In the test, run A processed 800 partitions, using 100 executors with four cores each. This makes 400 tasks processed in parallel so the Lambda function concurrent runs can’t be above 400. The same logic was applied for runs B and C. We can see this reflected in the preceding graph, where the amount of concurrent runs never surpasses the 400, 40, and 4 values.

To avoid throttling, make sure that the amount of Spark tasks that can be processed in parallel is not above the Lambda function concurrency limit. If that is the case, you should either increase the Lambda function concurrency limit (if you want to keep up the performance) or reduce either the amount of partitions or the number of available executors (impacting the application performance).

The following graph depicts the Lambda Duration metric, with the statistic AVG in orange and MAX in green.

As expected, the size of the dataset doesn’t affect the duration of the pseudonymization function run, which, apart from some initial invocations facing cold starts, remains constant to an average of 3 milliseconds throughout the three scenarios.

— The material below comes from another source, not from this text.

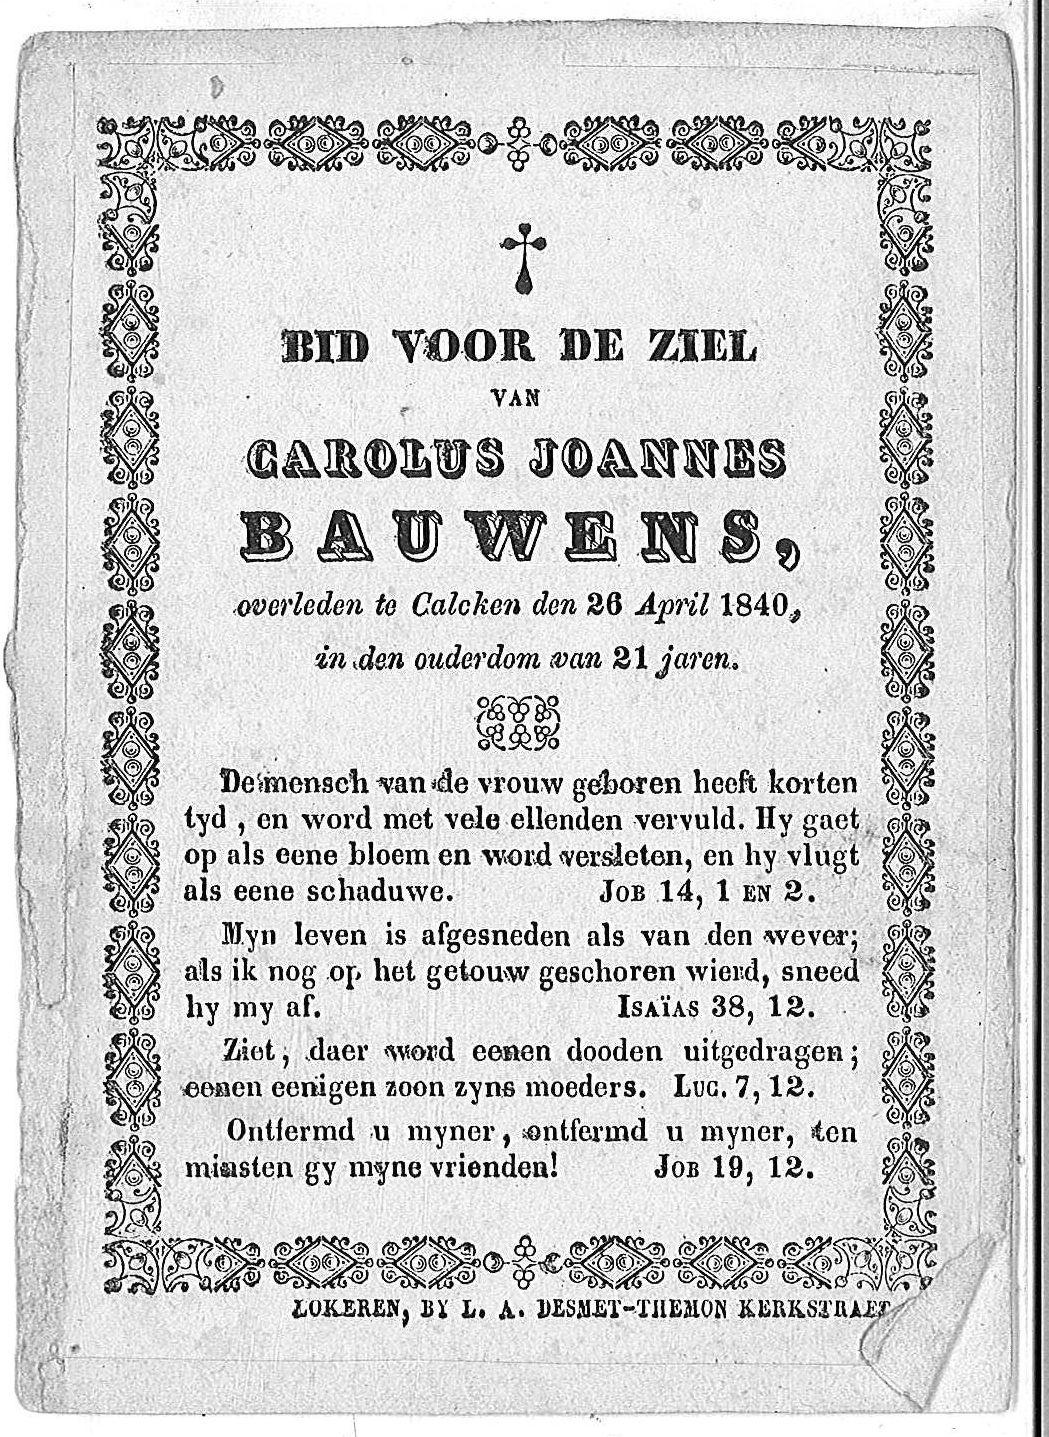 Carolus Joannes Bauwens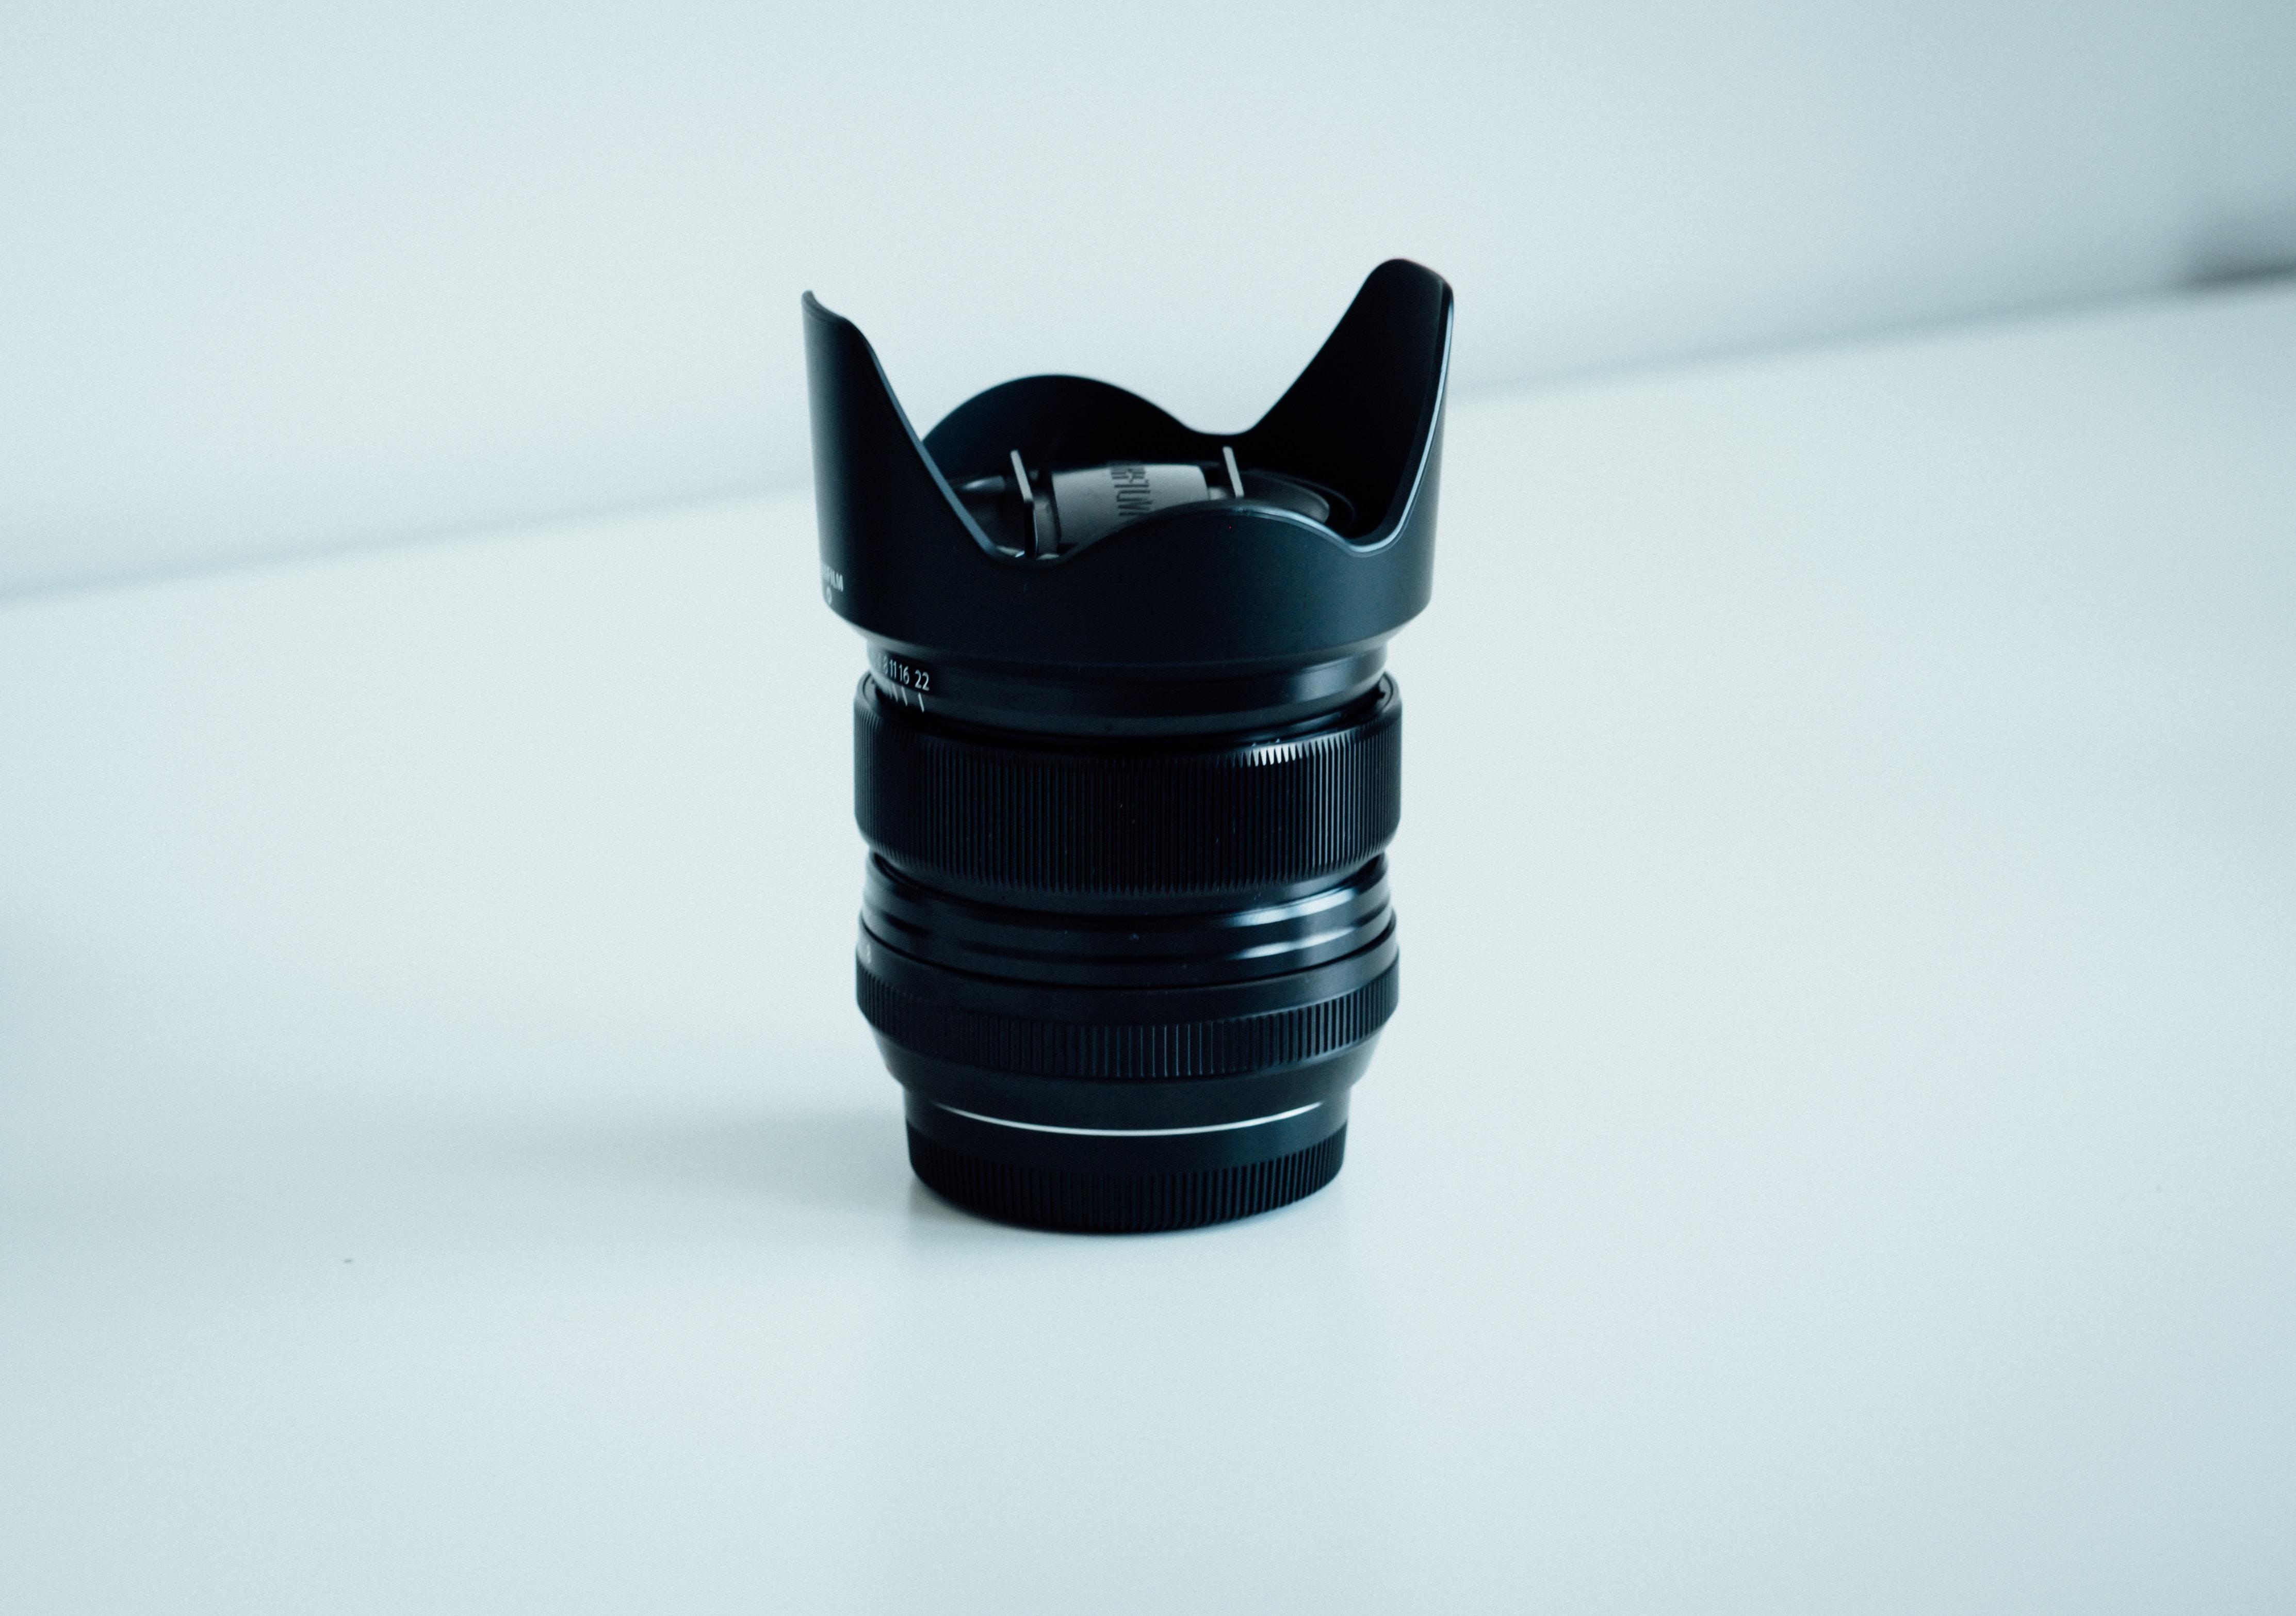 close-up photography of DSLR camera lens

This because the maximum number of records included in each pseudonymization call is constant (batch_size value).

Lambda is billed based on the number of invocations and the time it takes for your code to run (duration). You can use the average duration and invocations metrics to estimate the cost of the pseudonymization service.

Streaming consumption pattern performance

To assess the performance for the streaming consumption pattern, we ran the producer.py script, which defines a Kinesis data producer that pushes records in batches to the Kinesis data stream.

The streaming application was left running for 15 minutes and it was configured with a batch_interval of 1 minute, which is the time interval at which streaming data will be divided into batches. The following table summarizes the relevant factors.

Repartition Cluster Capacity Nodes Number of Executors Executor’s Memory Batch Window Batch Size VIN Size
17

1 Primary (m5.xlarge),

3 Core (m5.2xlarge)

6 9 GiB 60 seconds 900 VINs/API call. 5 Bytes / VIN

The following graphs depict the Kinesis Data Streams metrics PutRecords (in blue) and GetRecords (in orange) aggregated with 1-minute period and using the statistic SUM. The first graph shows the metric in bytes, which peaks 6.8 MB per minute. The second graph shows the metric in record count peaking at 85,000 records per minute.

We can see that the metrics GetRecords and PutRecords have overlapping values for almost the entire application’s run. This means that the streaming application was able to keep up with the load of the stream.

Next, we analyze the relevant Lambda metrics for the pseudonymization service: Invocations, ConcurrentExecutions, and Duration.

The following graph depicts the Invocations metric, with the statistic SUM (in orange) and RUNNING SUM in blue.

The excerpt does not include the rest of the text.